In a array A of size 2N, there are N+1 unique elements, and exactly one of these elements is repeated N times.
Return the element repeated N times.
Example 1:
Input: [1,2,3,3]
Output: 3
Example 2:
Input: [2,1,2,5,3,2]
Output: 2
Example 3:
Input: [5,1,5,2,5,3,5,4]
Output: 5
Note:
4 <= A.length <= 10000
0 <= A[i] < 10000
A.length is even
自己的代碼
class Solution {
public int repeatedNTimes(int[] A) {
Map<Integer, Integer> map
= new HashMap<Integer, Integer>();
for(int tmp:A){
if(map.containsKey(tmp)){
return tmp;
}else{
map.put(tmp,0);
}
}
return 0;
}
}
Runtime: 1 ms, faster than 79.04% of Java online submissions for N-Repeated Element in Size 2N Array.
Memory Usage: 38.8 MB, less than 99.04% of Java online submissions for N-Repeated Element in Size 2N Array.
官方解法1,該算飯非常慢份招,不好參考
class Solution {
public int repeatedNTimes(int[] A) {
Map<Integer, Integer> count = new HashMap();
for (int x: A) {
count.put(x, count.getOrDefault(x, 0) + 1);
}
for (int k: count.keySet())
if (count.get(k) > 1)
return k;
throw null;
}
}
Runtime: 21 ms, faster than 19.01% of Java online submissions for N-Repeated Element in Size 2N Array.

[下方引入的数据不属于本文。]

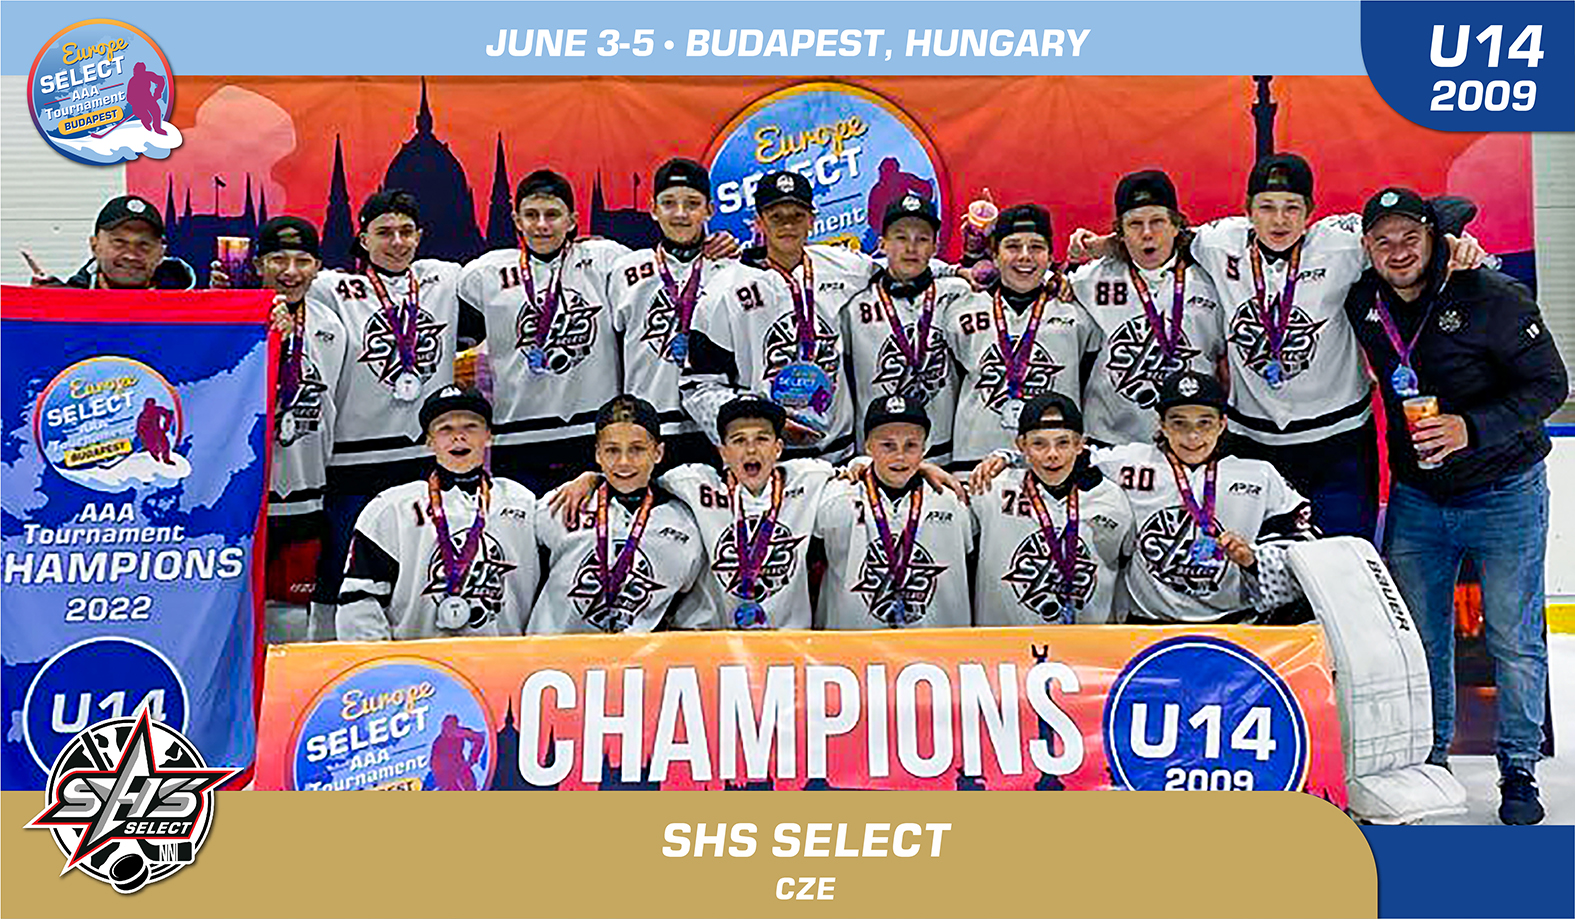 Czech SHS Select wins the U14 Europe Select Tournament 2022!

Memory Usage: 40.3 MB, less than 83.31% of Java online submissions for N-Repeated Element in Size 2N Array.
官方解法2
class Solution {
public int repeatedNTimes(int[] A) {
for (int k = 1; k <= 3; ++k)
for (int i = 0; i < A.length - k; ++i)
if (A[i] == A[i+k])
return A[i];
throw null;
}
}
Runtime: 0 ms, faster than 100.00% of Java online submissions for N-Repeated Element in Size 2N Array.
Memory Usage: 38.8 MB, less than 99.04% of Java online submissions for N-Repeated Element in Size 2N Array.
思考:
1龄减、長度為2N轧拄,N+1唯一的數(shù)值肛跌,然后有一個數(shù)值重復(fù)N次
解題思路:
1、想把數(shù)組拆分長度為2的子集篙梢。某個子集會出現(xiàn)以下兩種情況
a光羞、該子集不包含該重復(fù)值,則必定有一個子集包含兩個穴豫,則i==i+1
b凡简、該子集包含該重復(fù)值,如果相鄰的子集不包含該值精肃,則會出現(xiàn)a情況秤涩。
響鈴有值,則只有存在以下情況: abad司抱、adba筐眷。則i==i+2和i==i+3情況。